Abstract

This article discusses three recent decisions of the Swiss Federal Supreme Court that show inconsistent approaches with regard to the availability of court review in connection with issues of arbitral jurisdiction. In the first case, the Court considered itself bound by the arbitrator’s finding of an agreement to arbitrate, only because the arbitrator had come to his conclusion by way of subjective interpretation, rather than objective interpretation. The article argues that court review ought to be available regardless of whether the arbitrator’s finding of an agreement to arbitrate is based on subjective or objective interpretation. The second case relates to multi-tiered dispute resolution clauses. Here, the Court accepted to review a challenge for violation of a pre-condition to arbitration, regardless of whether the objection to arbitration was “jurisdictional,” on the sole ground that the violation at issue needed to be sanctioned one way or another. This is unconvincing.
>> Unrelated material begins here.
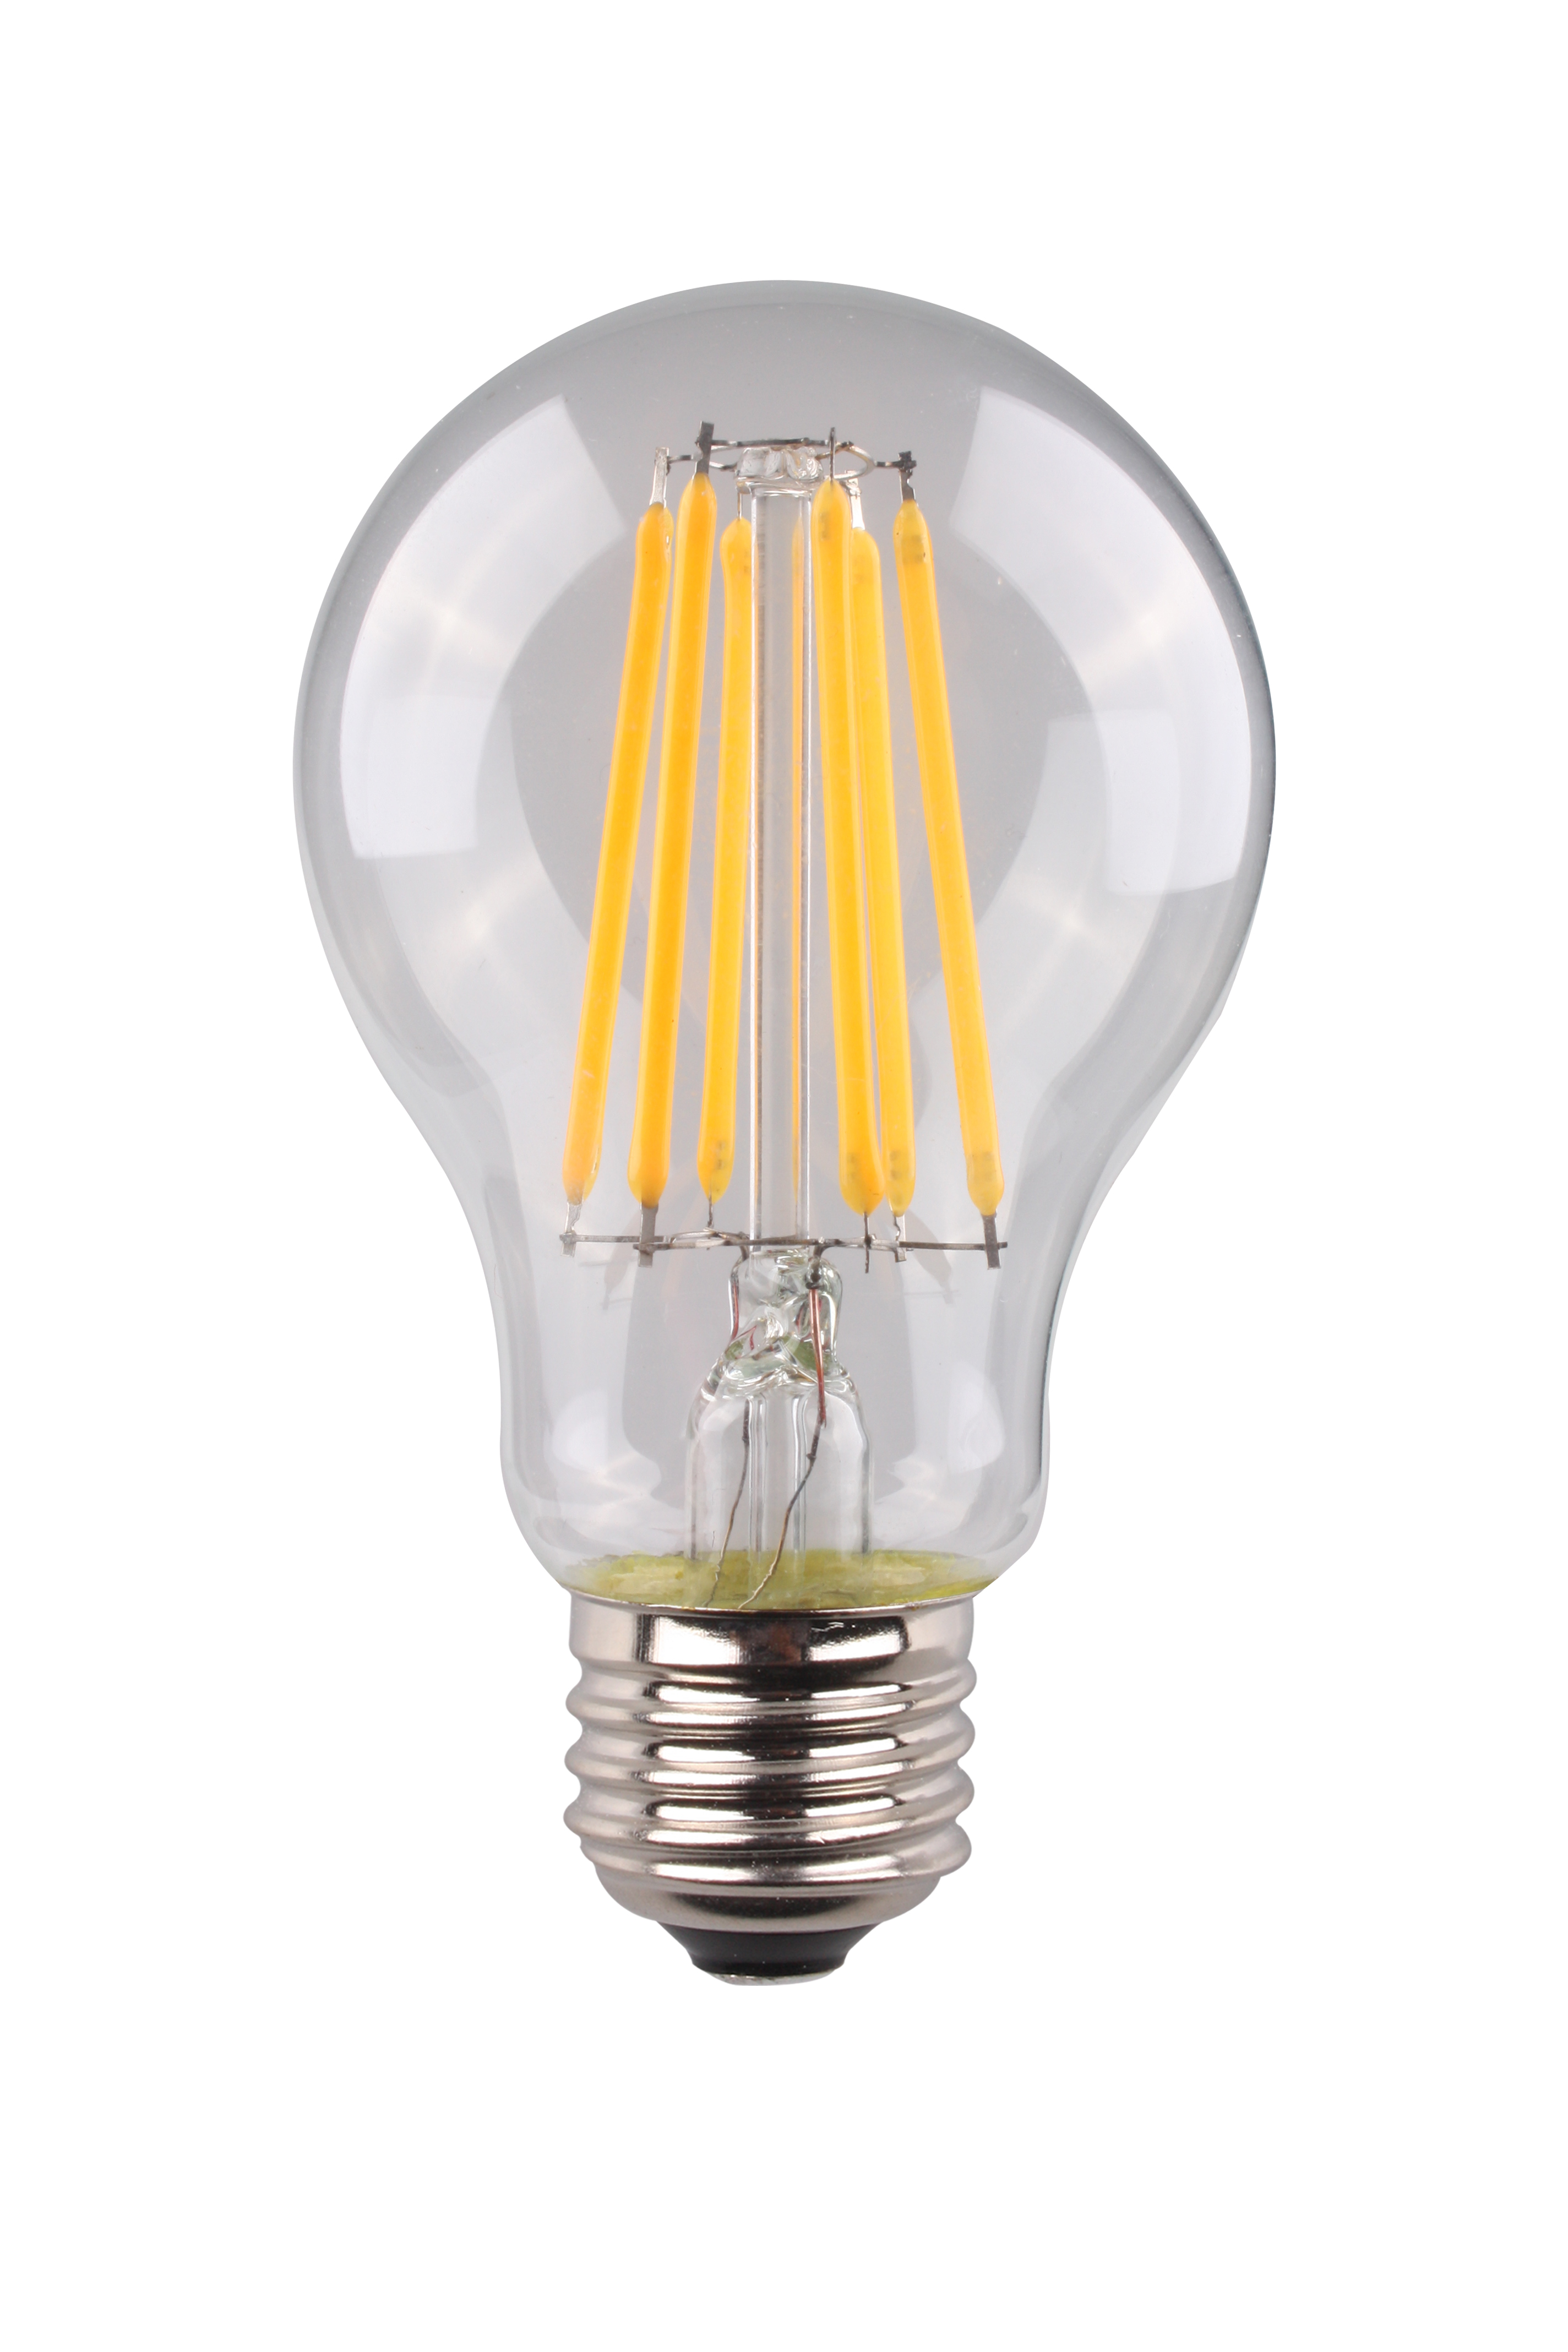 Heitec LED Lampe Glühlampenform Filament A60 E27 12 Watt 1050 Lumen 830 3000 Kelvin warmweiß

Court review ought to be available only if the objection to arbitration raises a genuine issue of jurisdiction, which this case did not. In the third case, the Court addressed the situation where a party objects to the courts’ jurisdiction on the ground that the parties agreed to arbitrate the dispute. In this decision, the Court created a twotiered review of such objections, requiring full review of the issue whether an arbitration agreement had come to existence, and limited review for issues of scope. This gives both arbitrators and courts equal powers to examine whether an arbitration agreement exists, which may lead to undesirable parallel proceedings on the issue whether an arbitration agreement exists. These three cases, and the reasoning that underlies them, should be reconsidered.